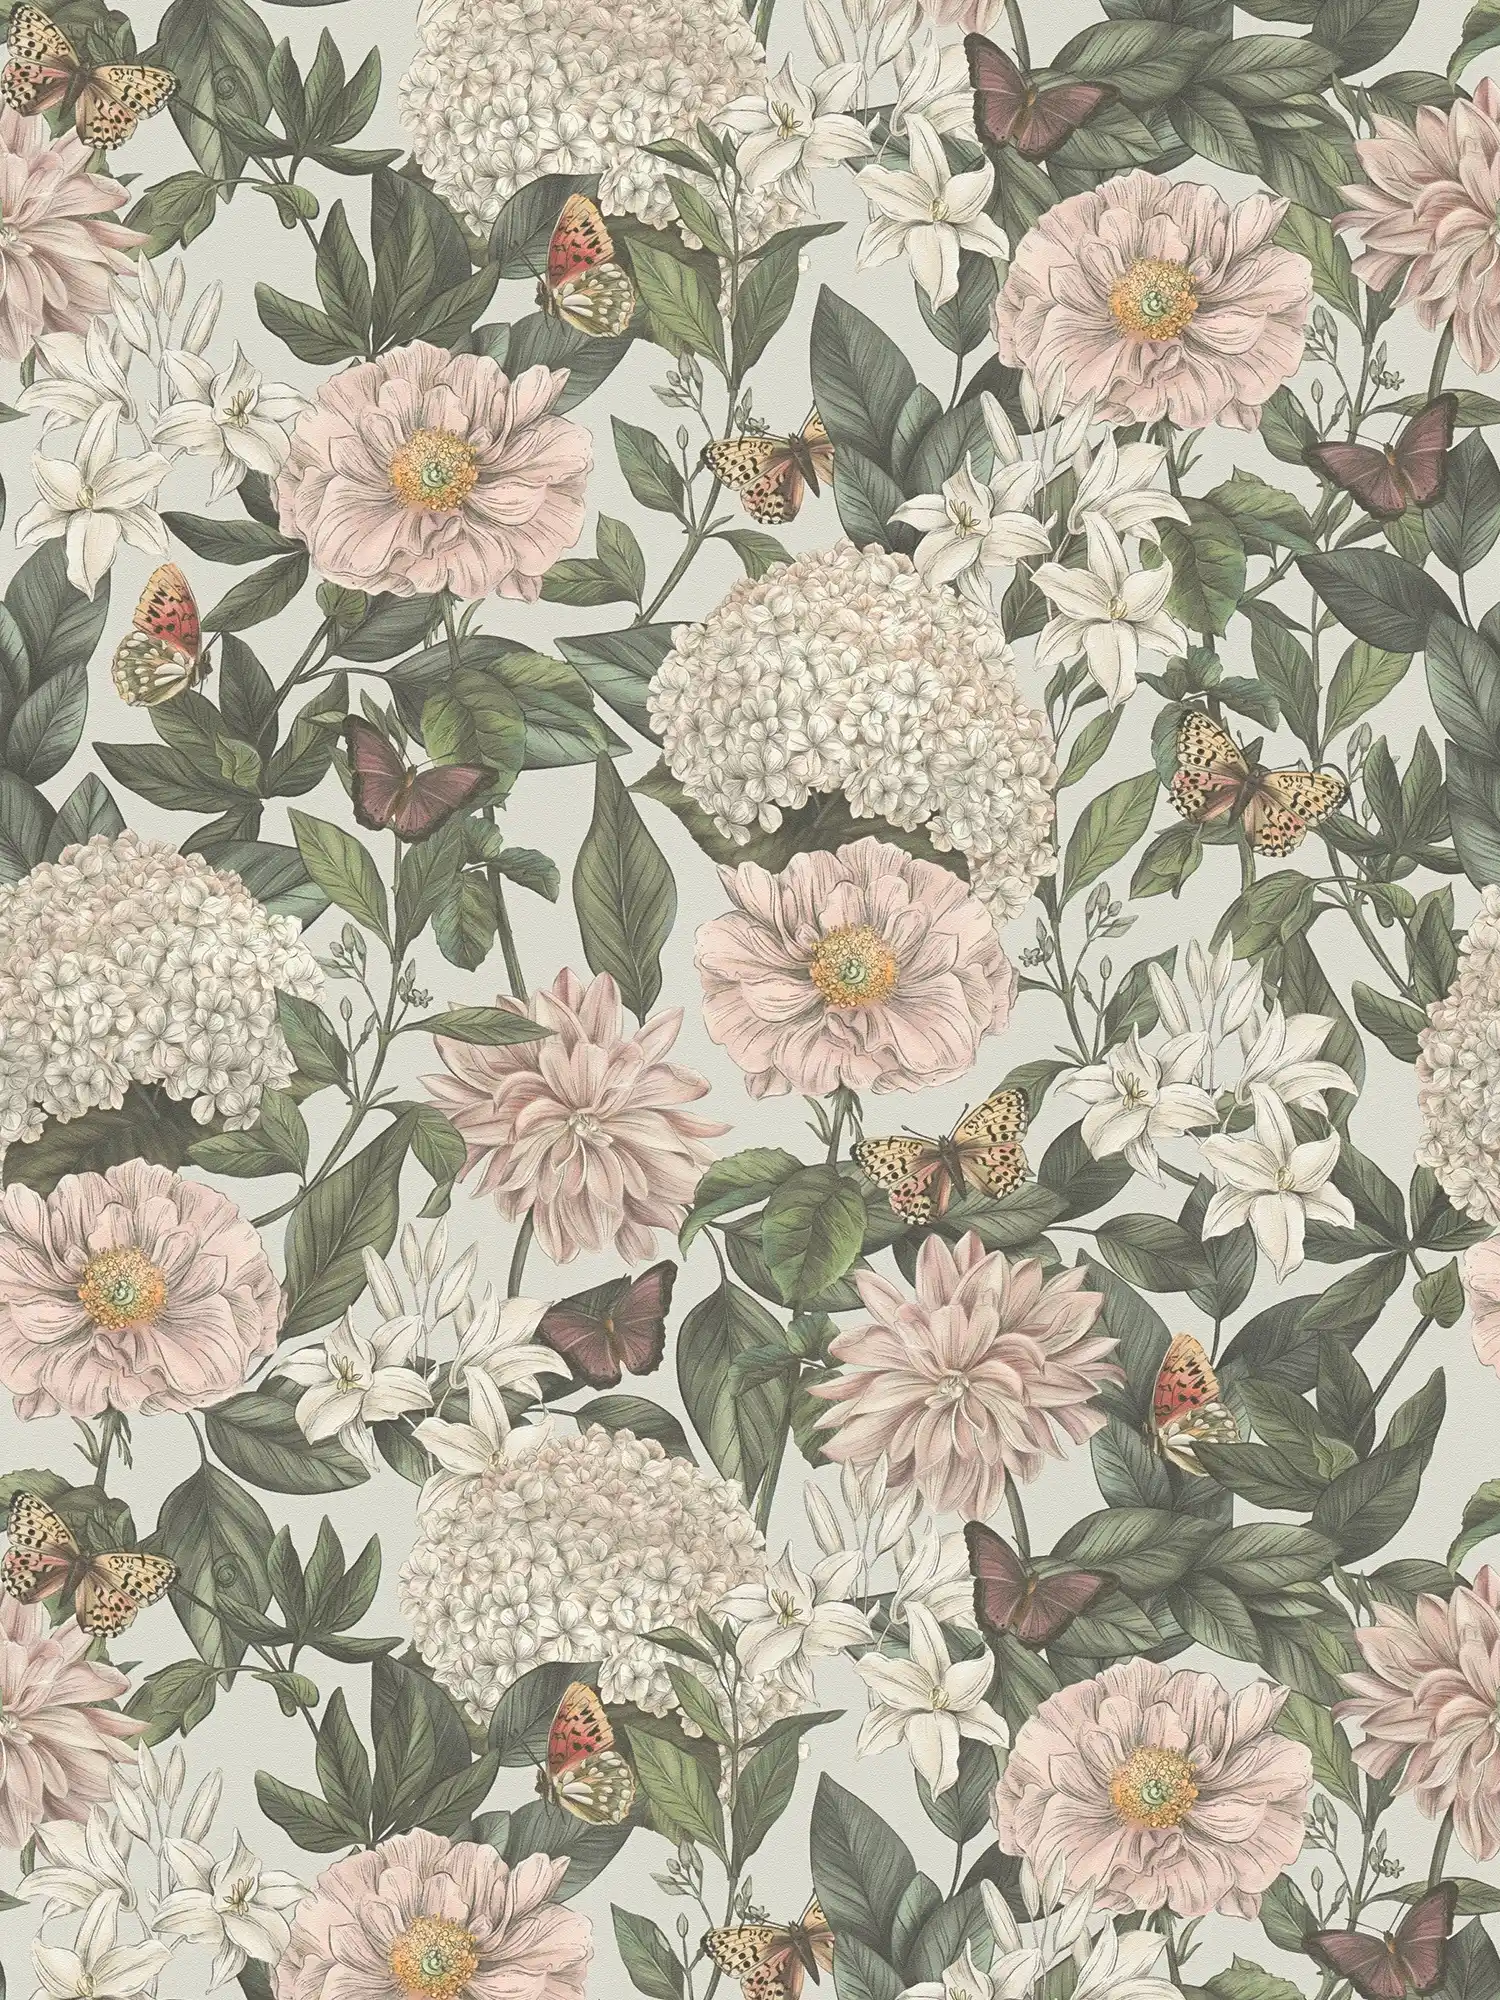 Modern wallpaper floral with animals & flowers textured matt - light grey, white, dark green
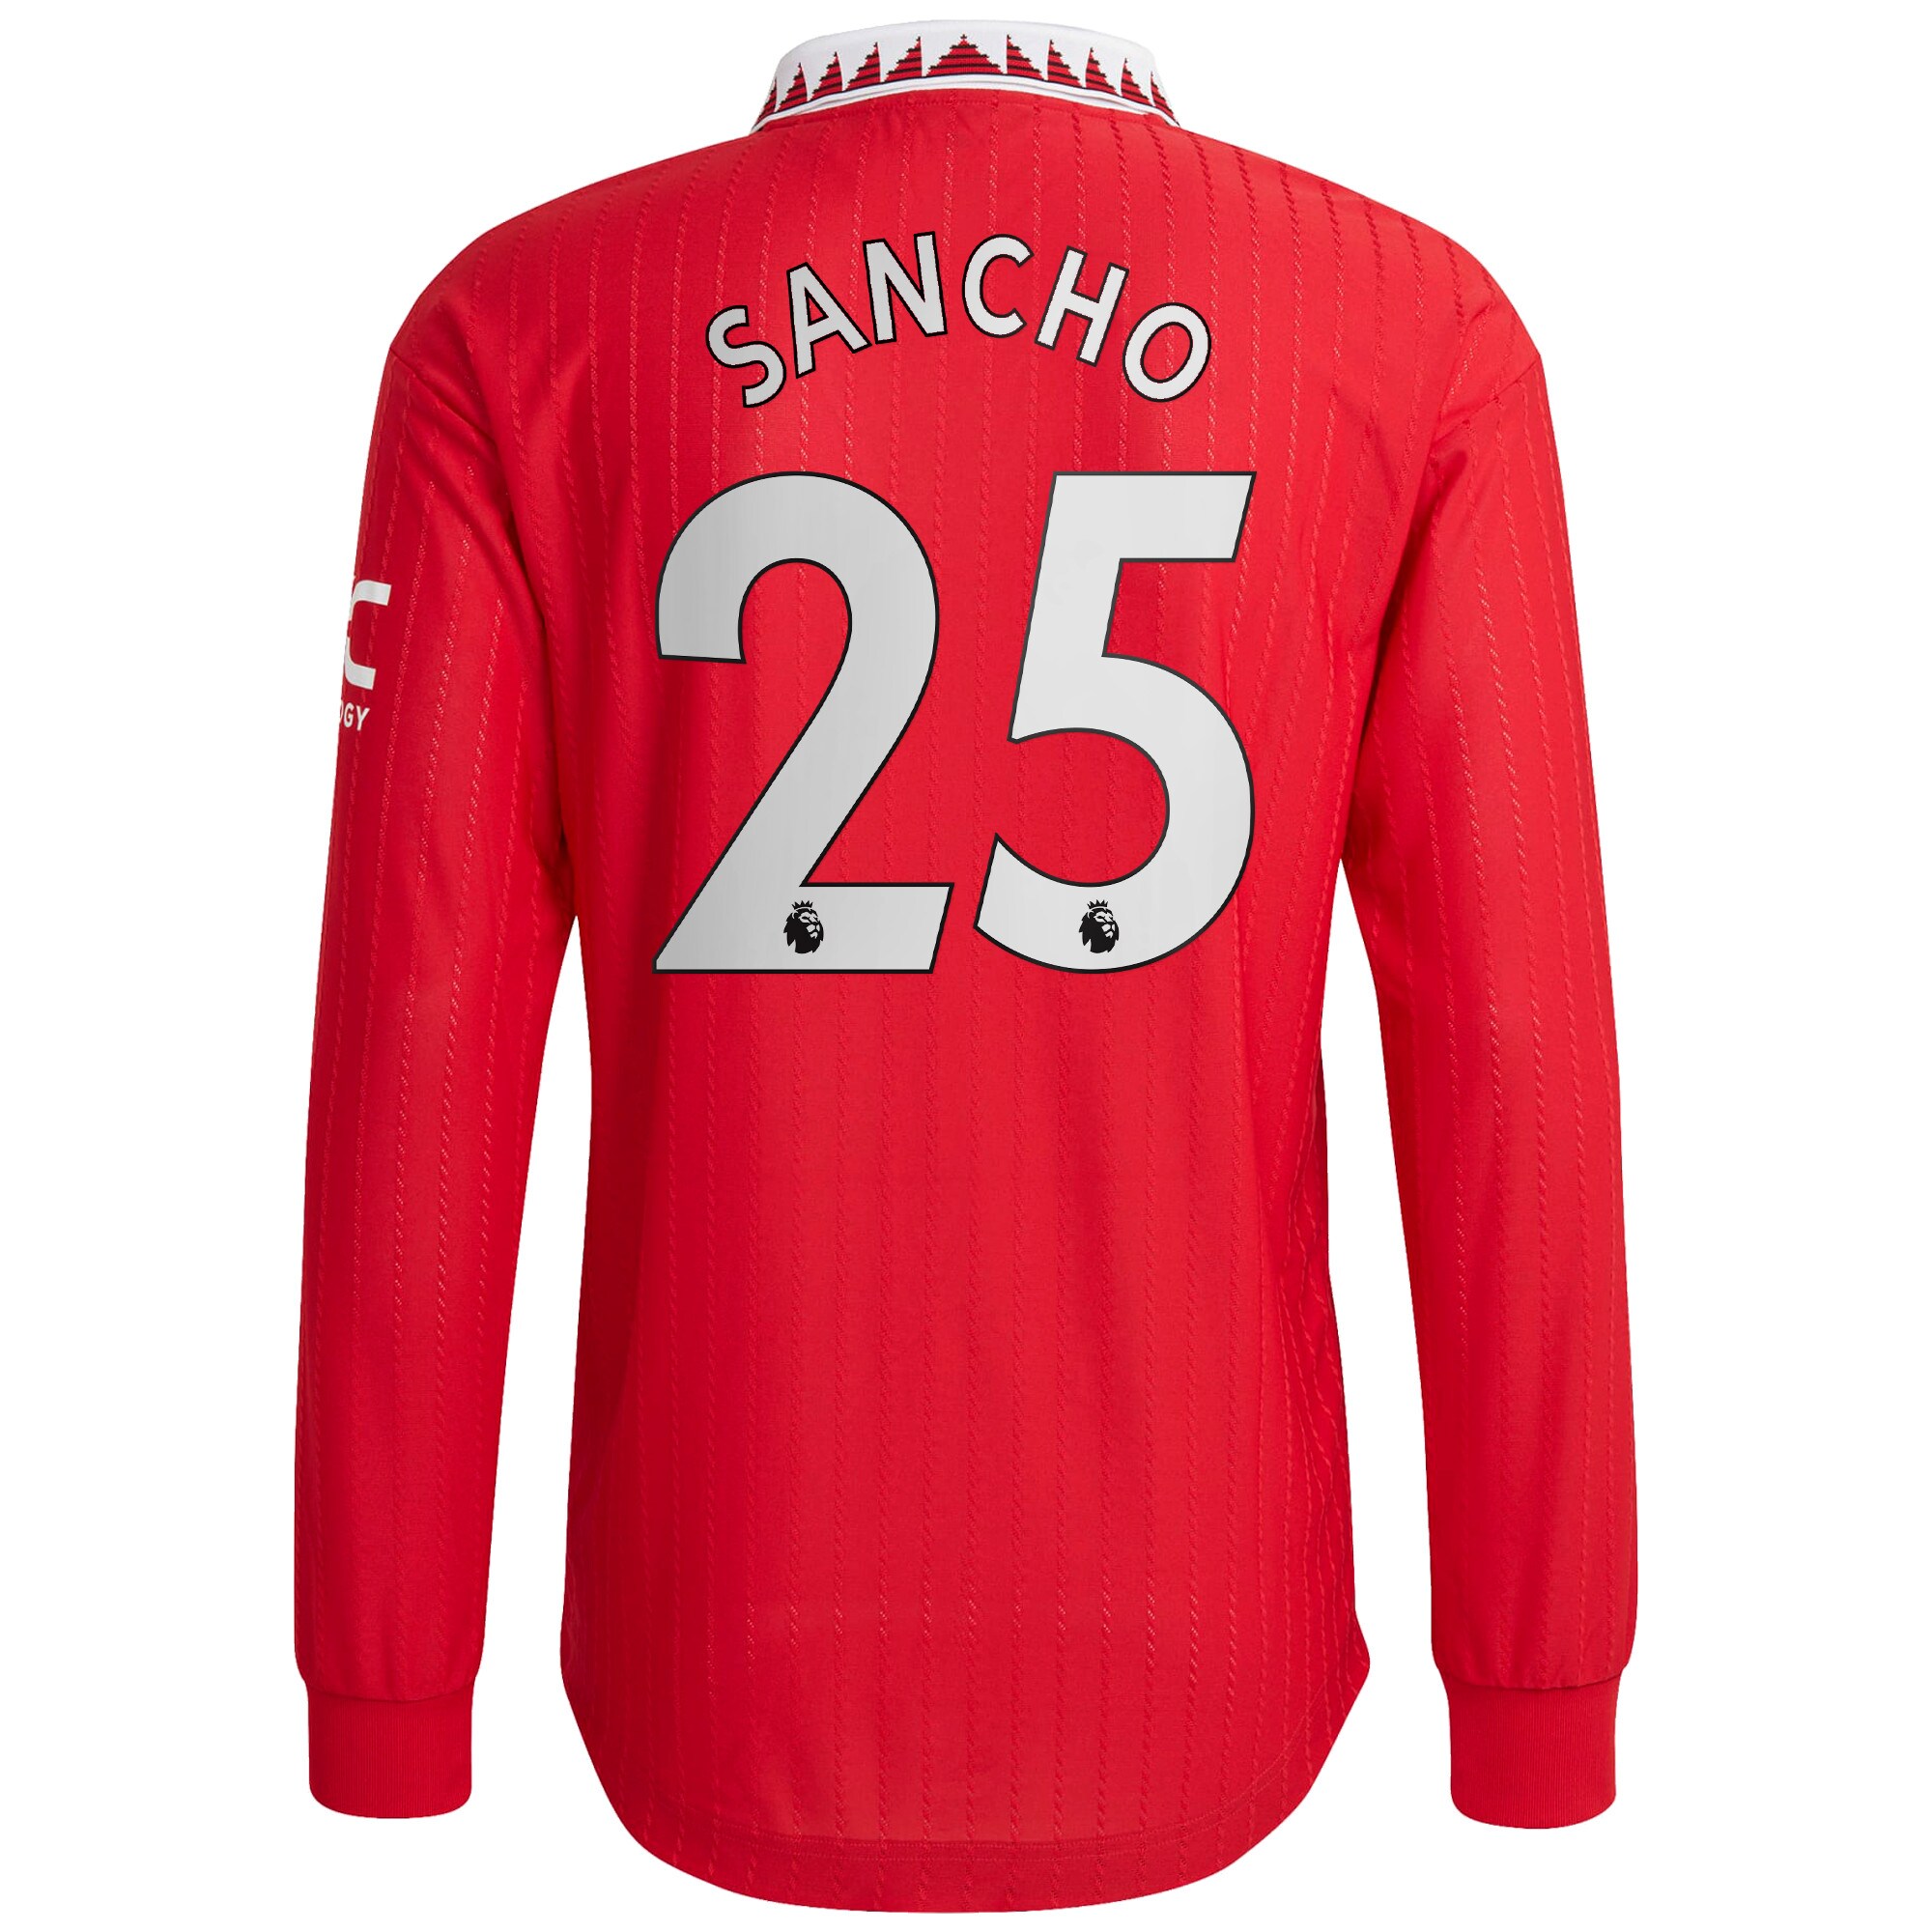 Men Manchester United Home Shirts Jadon Sancho Authentic Shirt 2022-23 Long Sleeve Sancho 25 Printing
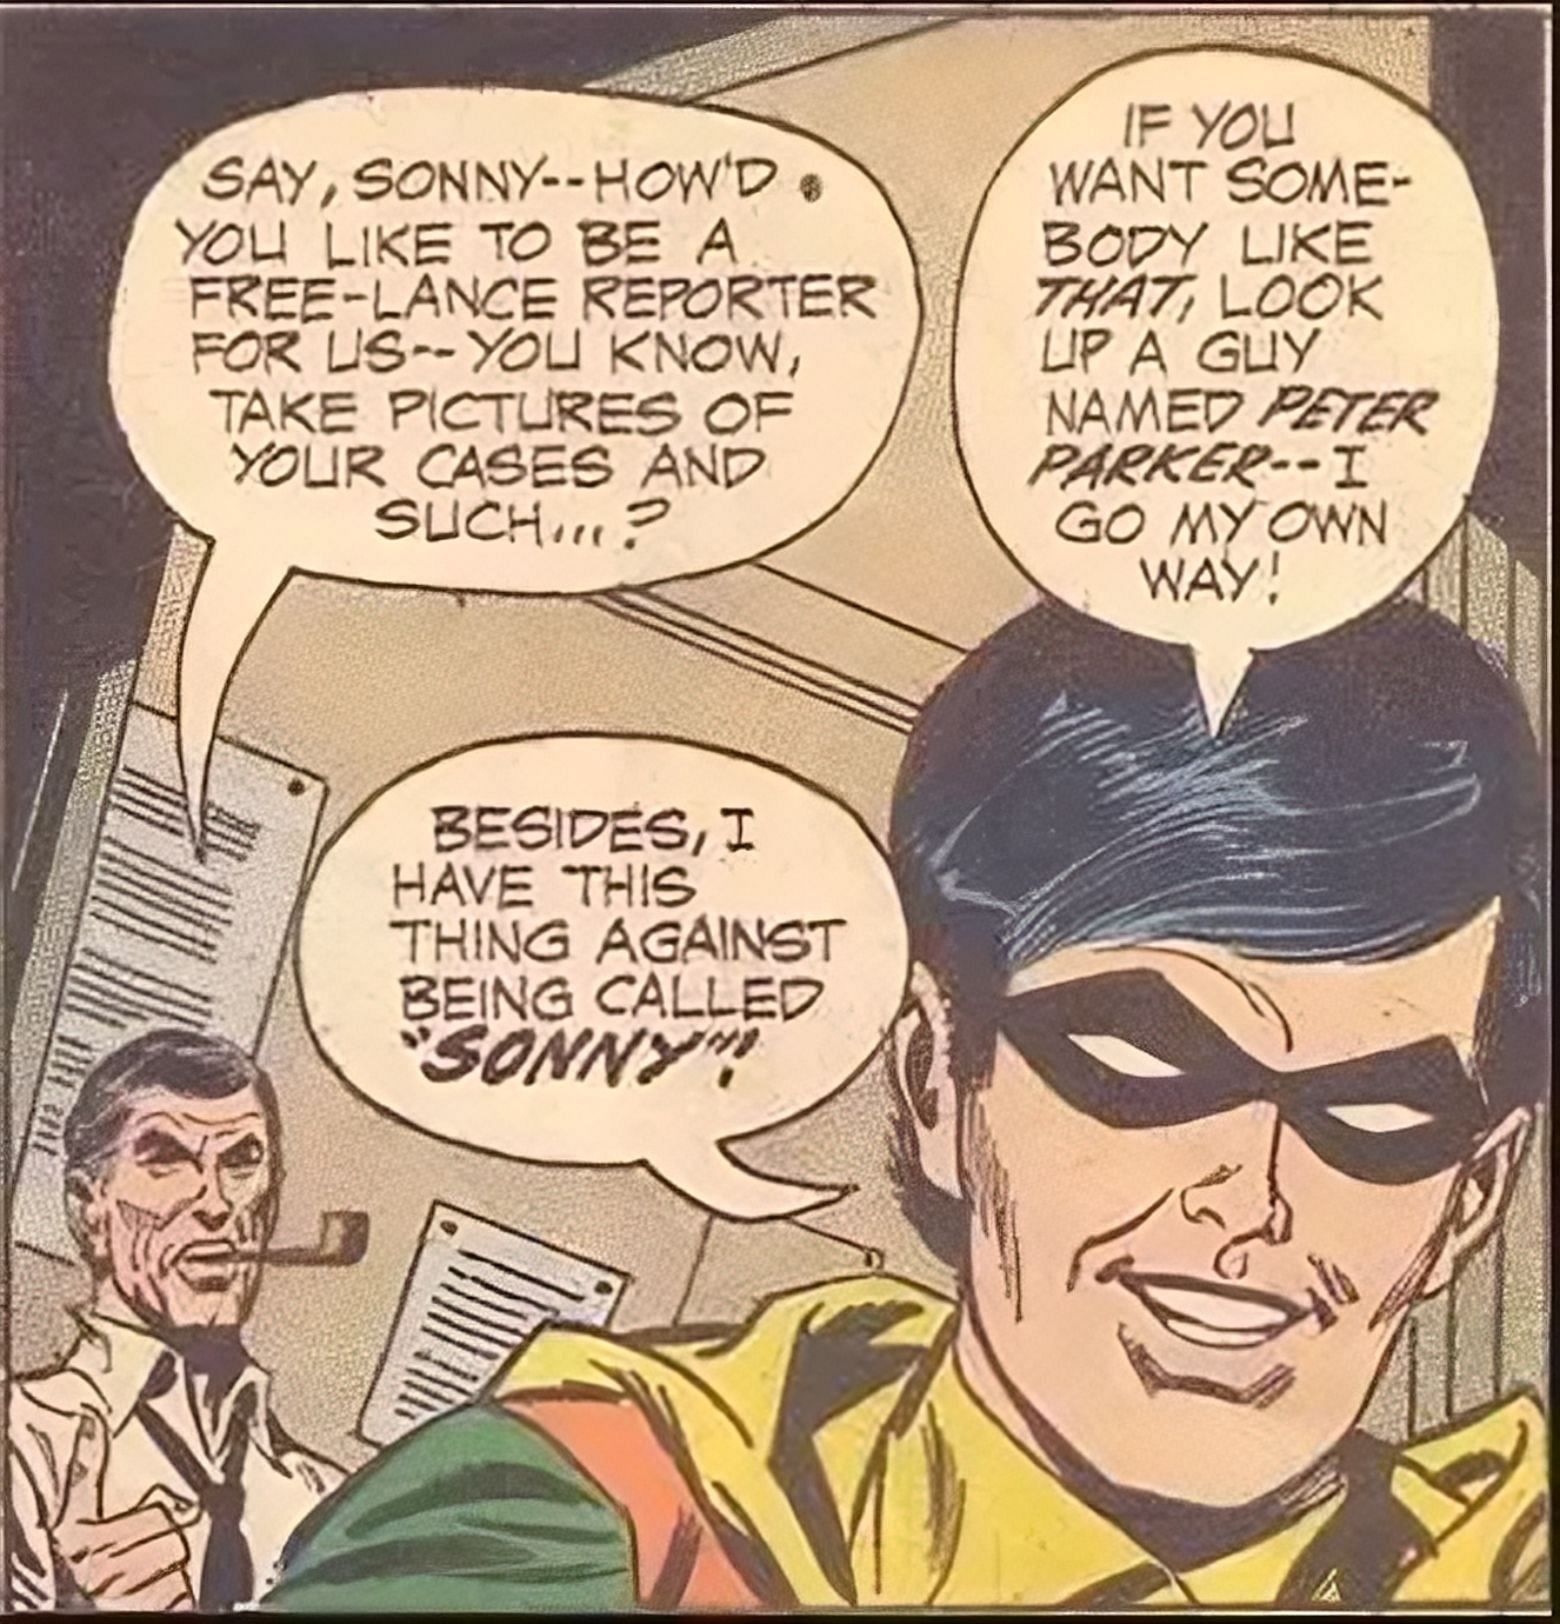 Robin mentioning Peter Parker (Image via DC Comics)

**WHAT TO PRODUCE**
Using the data above, print every line exactly, omitting pictures.

**RESPONSE TO THIS TASK**
 Modern wallpaper floral with animals & flowers textured matt - light grey, white, dark green
 Men Manchester United Home Shirts Jadon Sancho Authentic Shirt 2022-23 Long Sleeve Sancho 25 Printing
 Robin mentioning Peter Parker (Image via DC Comics)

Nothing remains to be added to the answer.